┌──

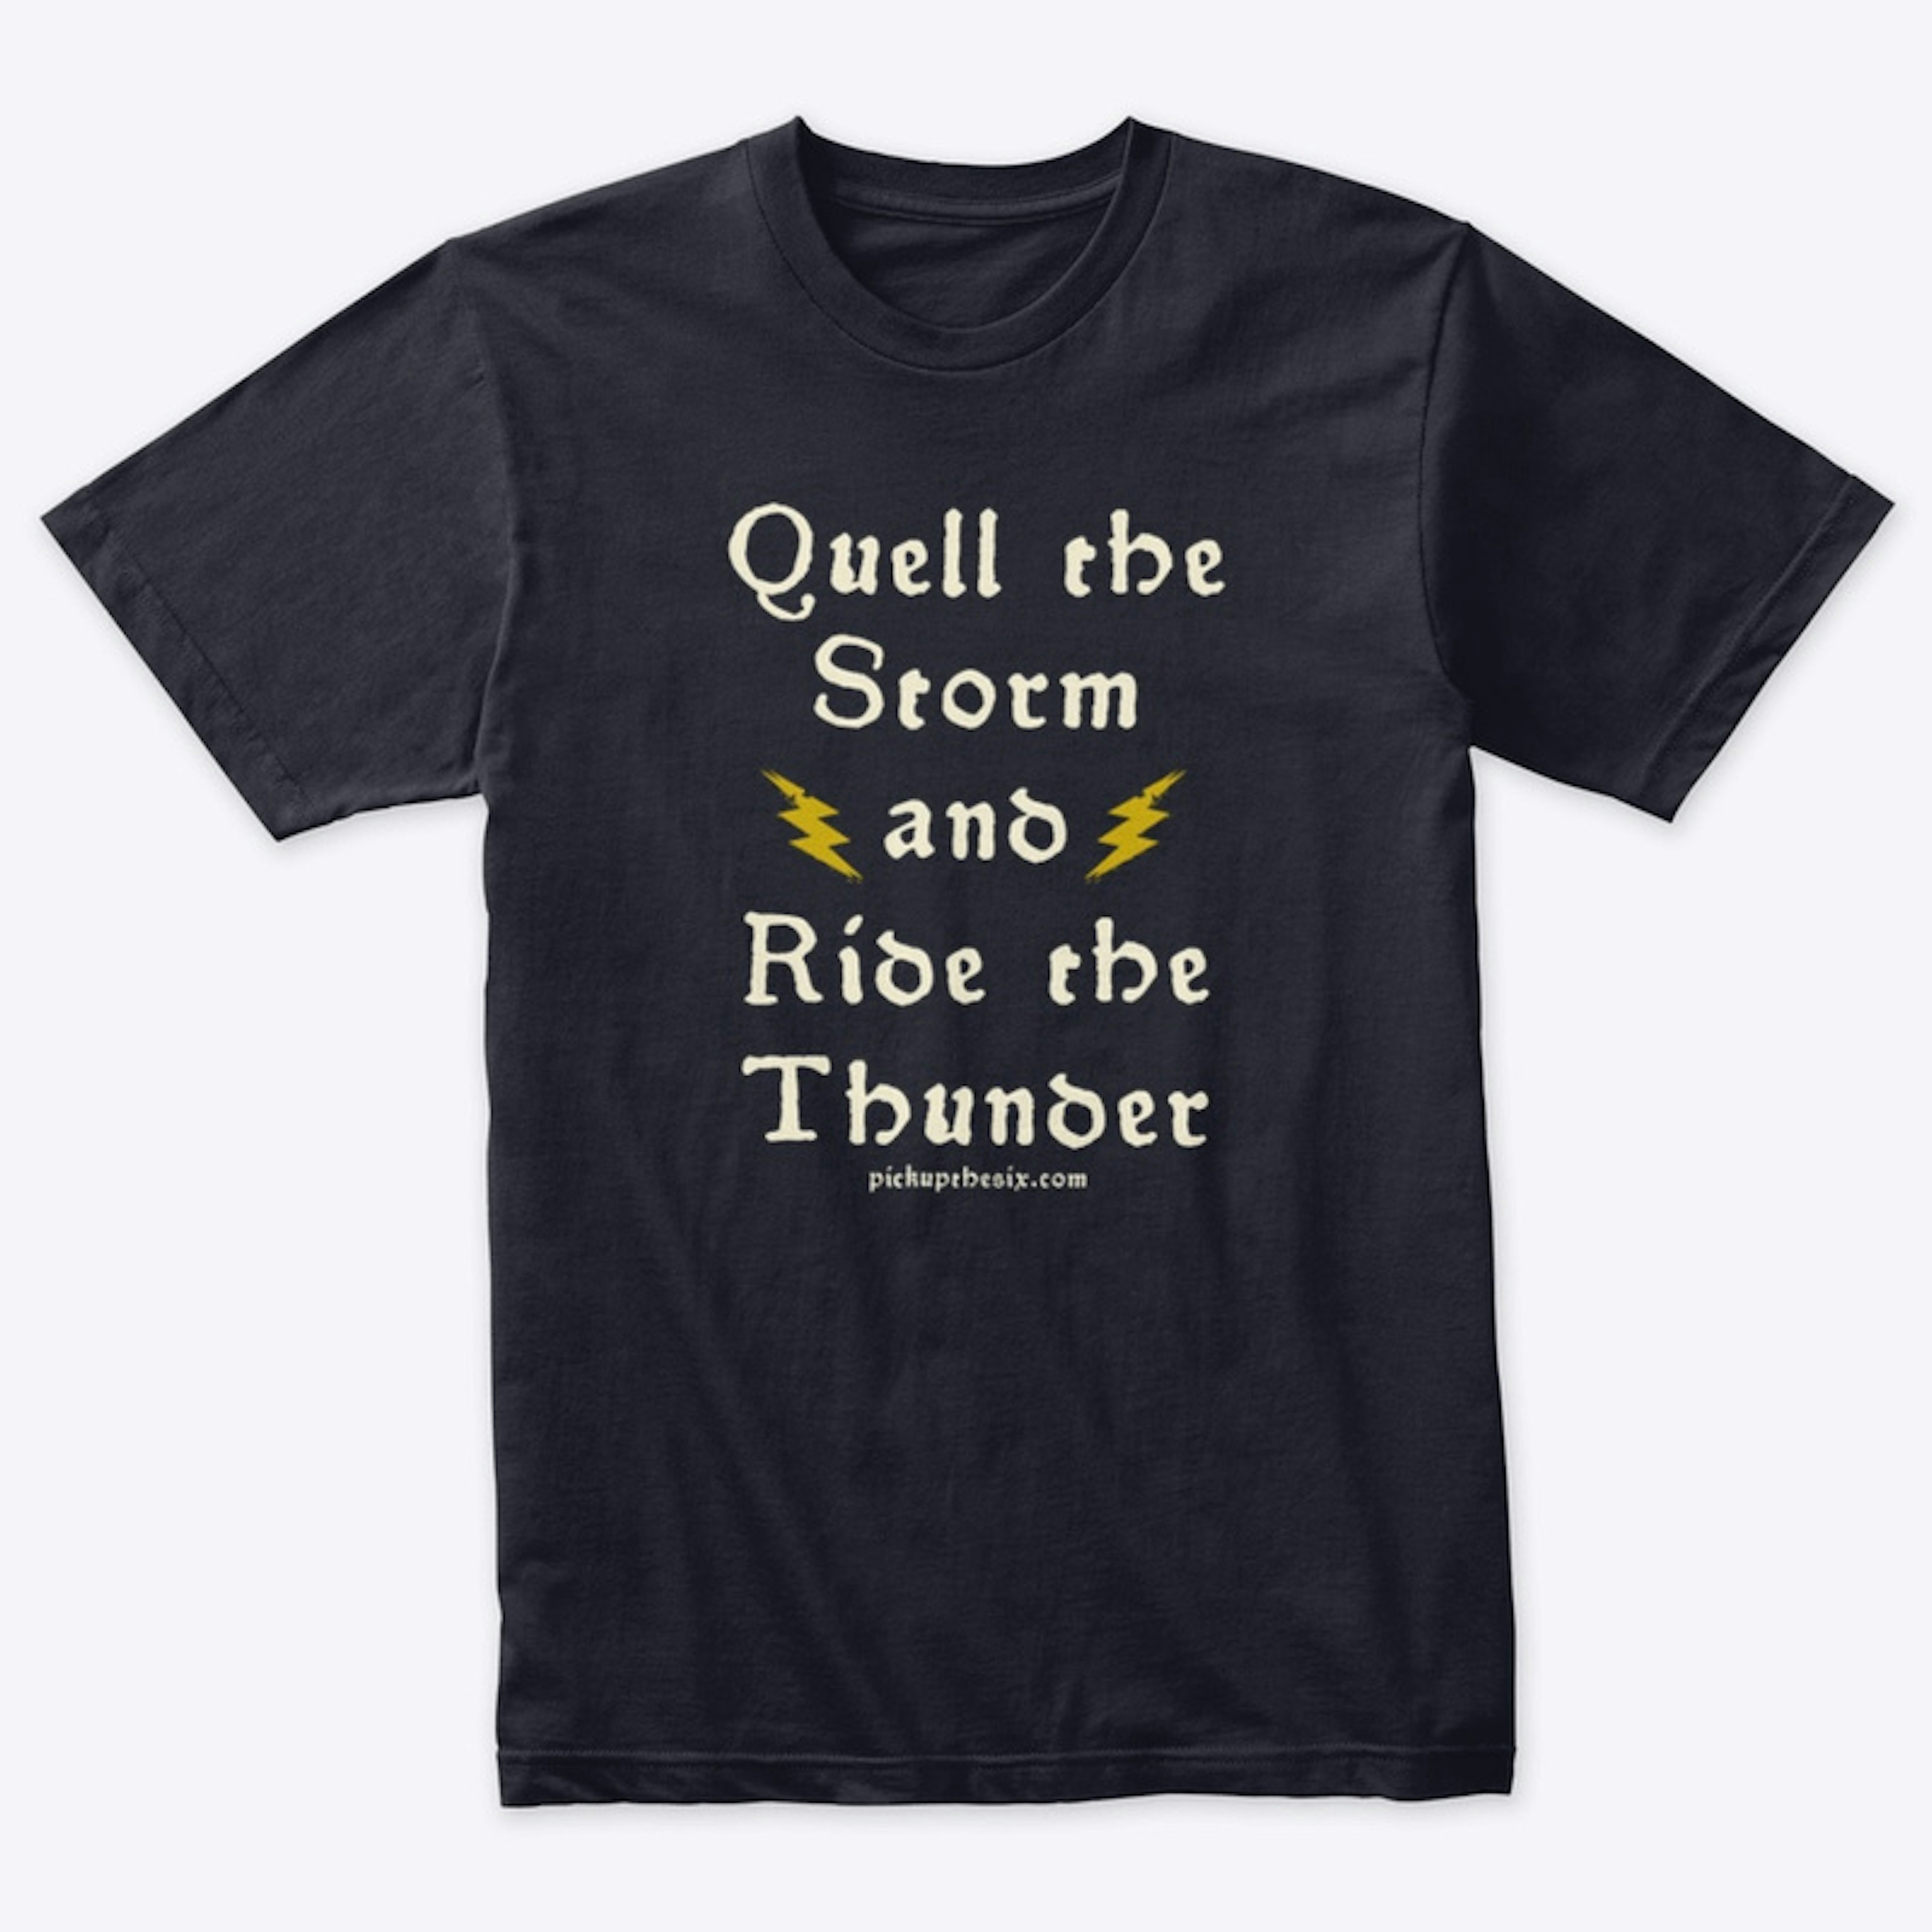 Quell the Storm and Ride the Thunder
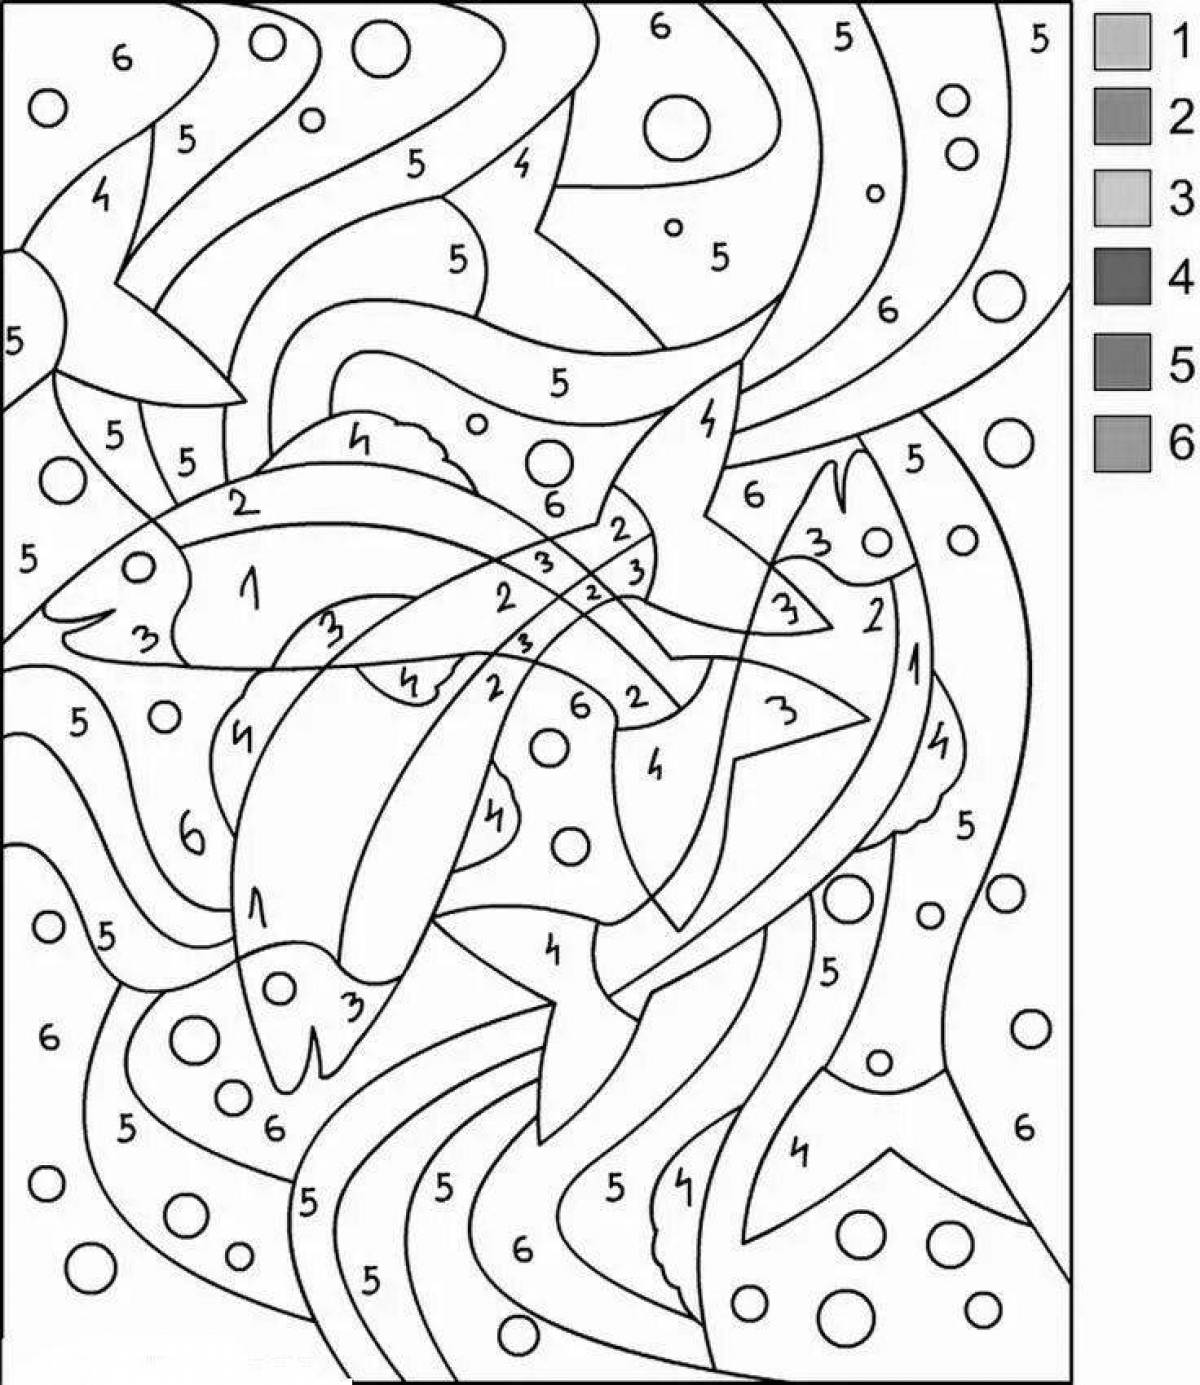 Paint by numbers colorful glitter coloring book
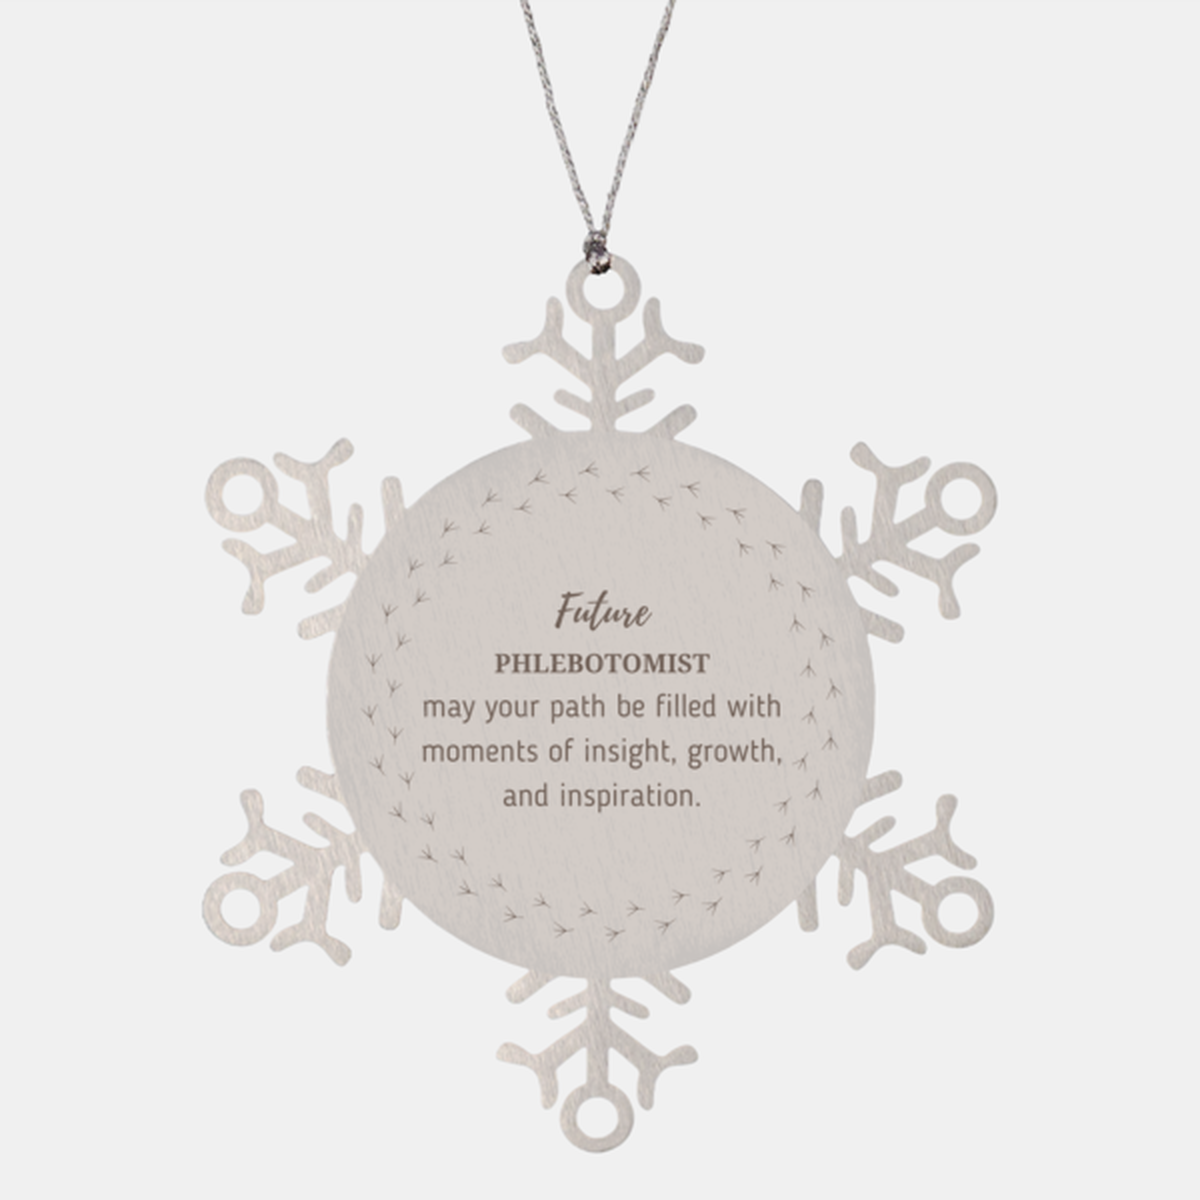 Future Phlebotomist Gifts, May your path be filled with moments of insight, Graduation Gifts for New Phlebotomist, Christmas Unique Snowflake Ornament For Men, Women, Friends
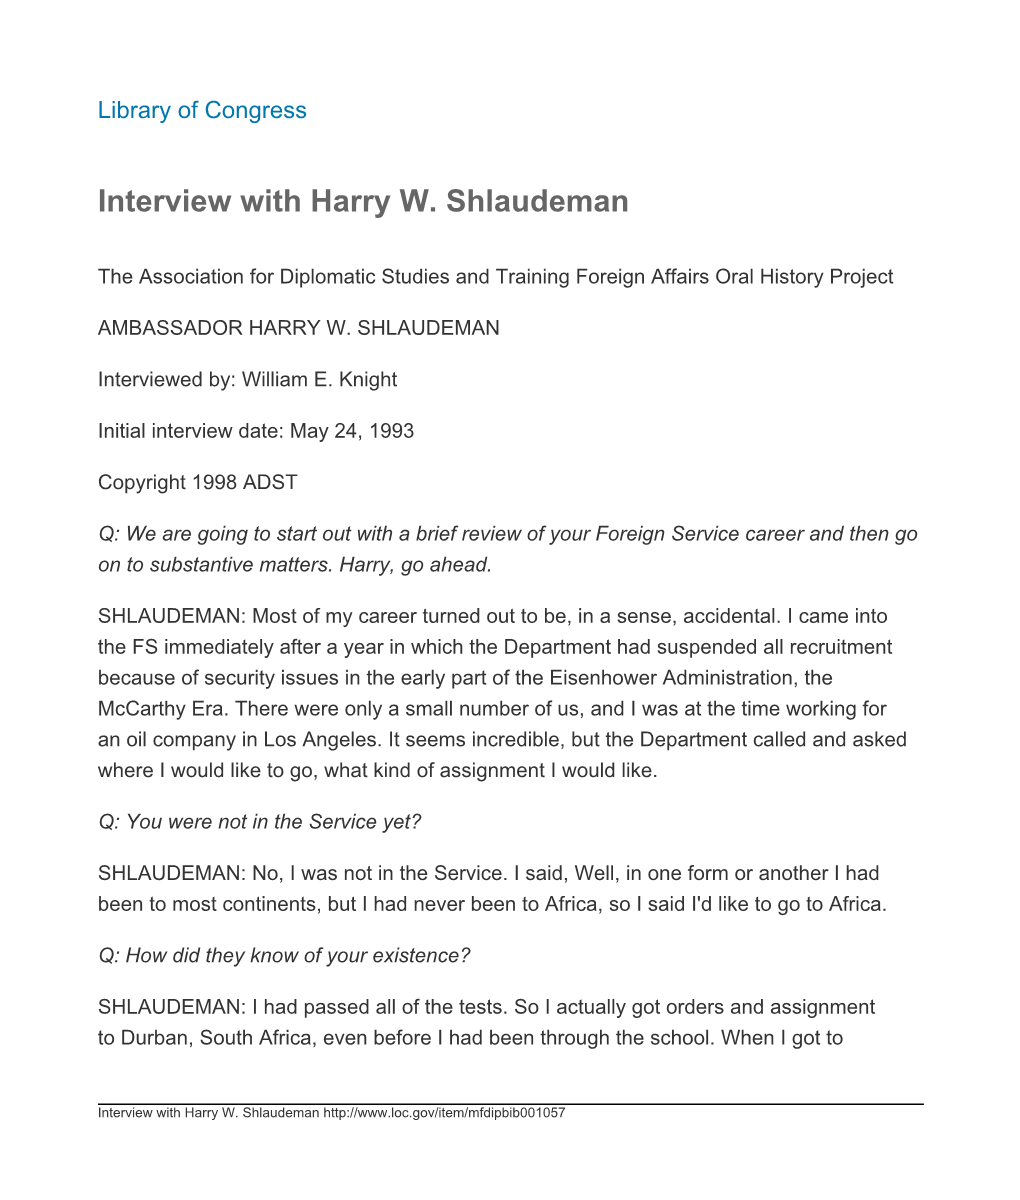 Interview with Harry W. Shlaudeman

└──

- **TASK DESCRIPTION**: Pictures aside, transcribe exactly the lines from the line containing "Future Phlebotomist Gifts, May" through the final line of the material above.

- **ANSWER BOX**:
 Future Phlebotomist Gifts, May your path be filled with moments of insight, Graduation Gifts for New Phlebotomist, Christmas Unique Snowflake Ornament For Men, Women, Friends
 Interview with Harry W. Shlaudeman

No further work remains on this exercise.